Lilies of the Valley, A Symbol of Peace

Mindful Symbols

I am a big believer in the power of symbolism be it a phrase, an icon, or a flower. Mindful symbols root us and feed our souls.

When my daughter Emma was an infant, we put wallpaper in her bedroom. Lilies of the valley on a cream background with pink accents. For the poet William Blake, lilies symbolized pure love. In Greek mythology, the lily is a symbol of purity and innocence. For me the wallpaper had similar meanings, but mostly it was a mindful symbol of serenity. We spent countless afternoons and evenings in her room, reading picture books by Patricia Polacco. We also pictured  Miss Rumphius sowing lupine seeds along a rocky shoreline again and again. I don’t have a four-color image of her wallpaper, but the photo of Emma on the left captures the spirit of her room. That soft afternoon light on the walls made the room magic.

Emma age two looking out her bedroom window

When Emma turned 13, she begged me for grown-up wallpaper and I acquiesced. Oh, how I wish I hadn’t. She’s in college now, and I long to sit in her room surrounded by lilies of the valley. I can only be fully immersed in those childhood moments with that wallpaper. It was the first thing I chose when we decorated her room.
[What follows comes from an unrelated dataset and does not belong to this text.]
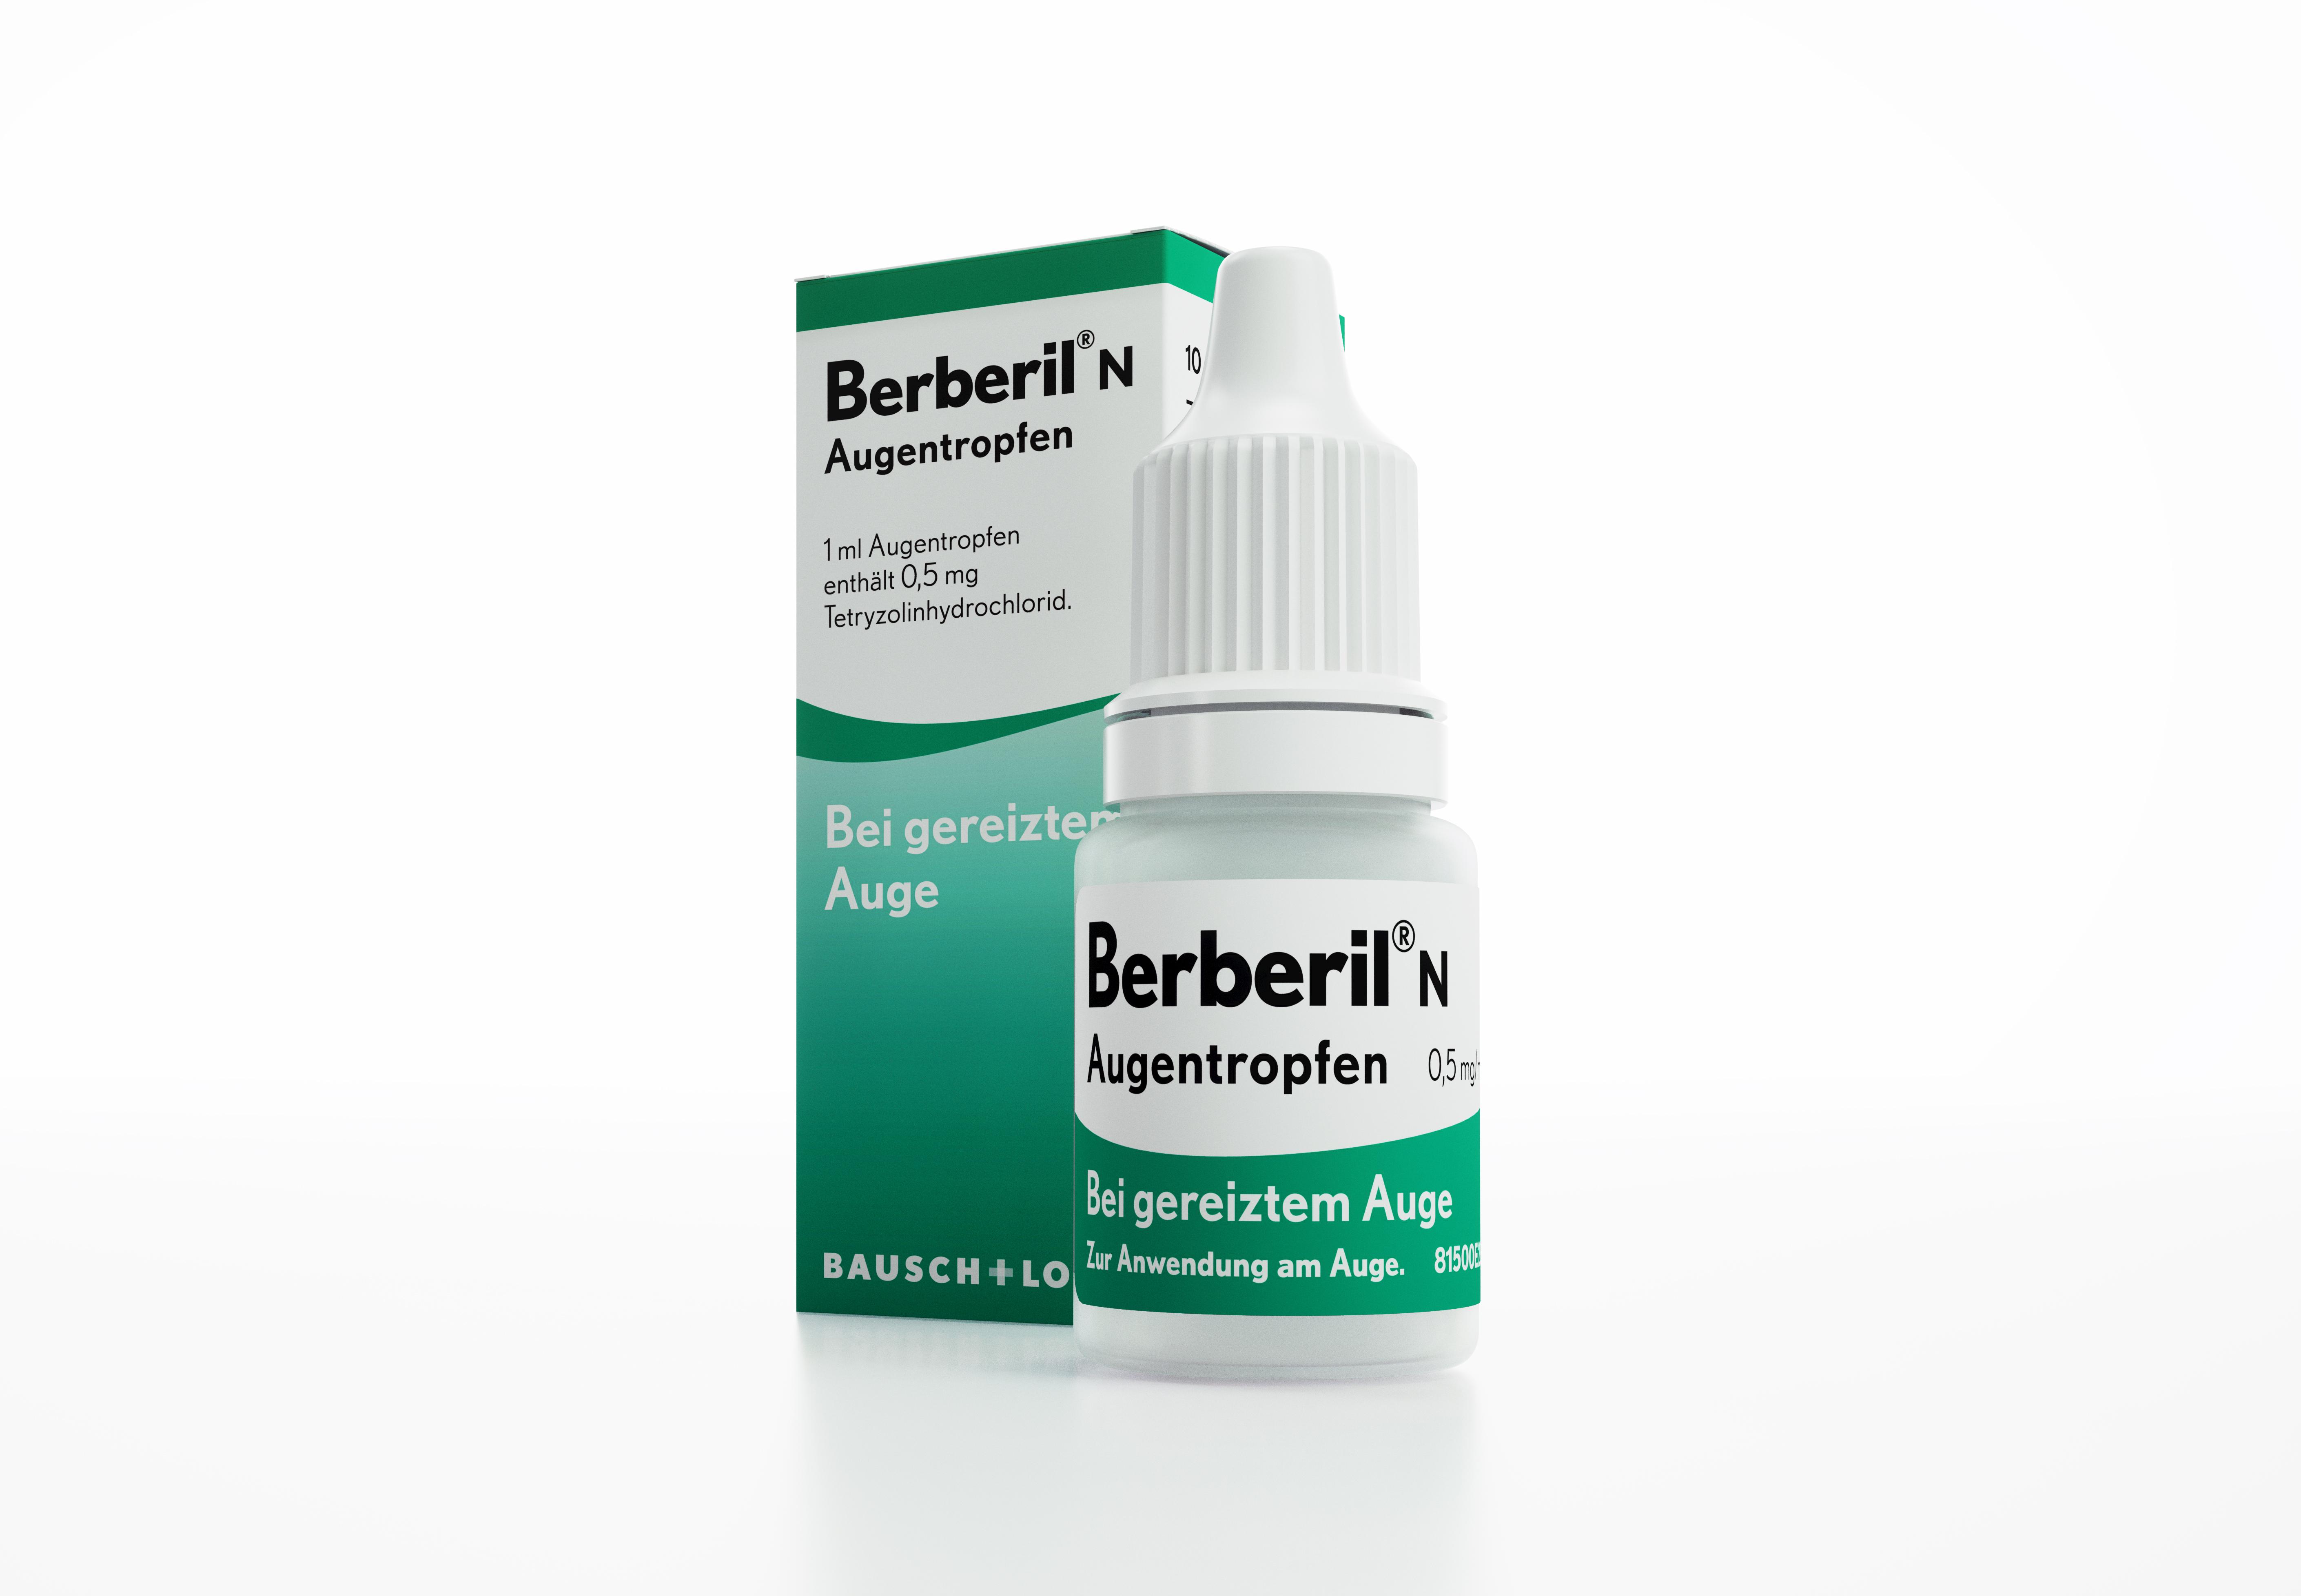 BERBERIL N Augentropfen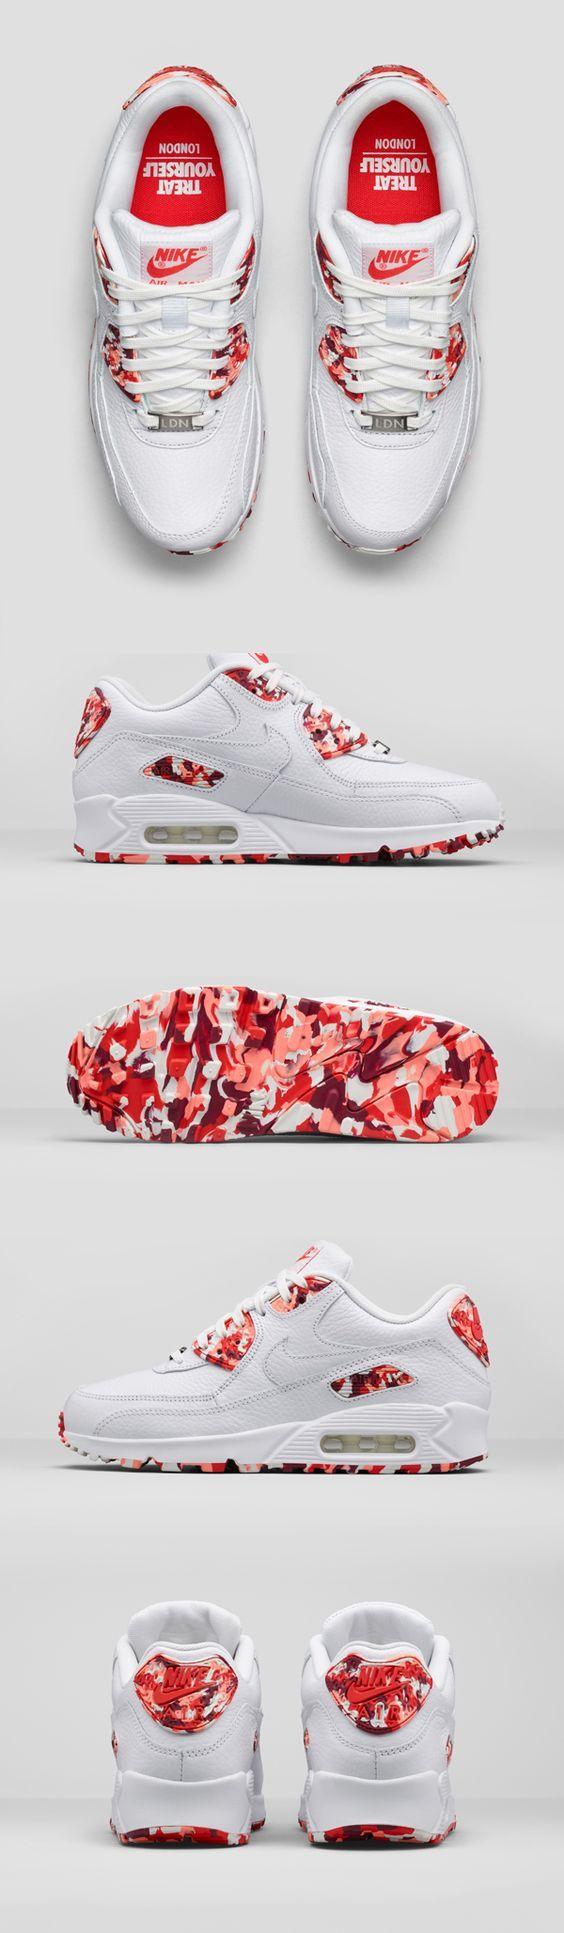 Adidas Shoe Puns

I sat beside Emma a thousand times surrounded by the gentle pattern on the walls. Writing at her desk today, I am looking at the green polka dots she chose to replace the lilies of the valley. With the first strip of wallpaper pasted over the lilies, we left fairies behind and moved into the teen years where the symbols were not always welcoming.

I would give anything to lay beside the five-year-old Emma and read Emily. It is a beautifully written and illustrated story of a meeting between Emily Dickinson and a young neighbor. The child brings Emily a gift of lily bulbs, and Emily writes her a poem:

Who has not found the Heaven-below

Will fail of it above

For Angels rent the House next ours,

Wherever we remove.picture books

Lovingly,

Emily

The book is on a dresser in Emma’s room. It is a mindful symbol of our time among the lily of the valley and picture books.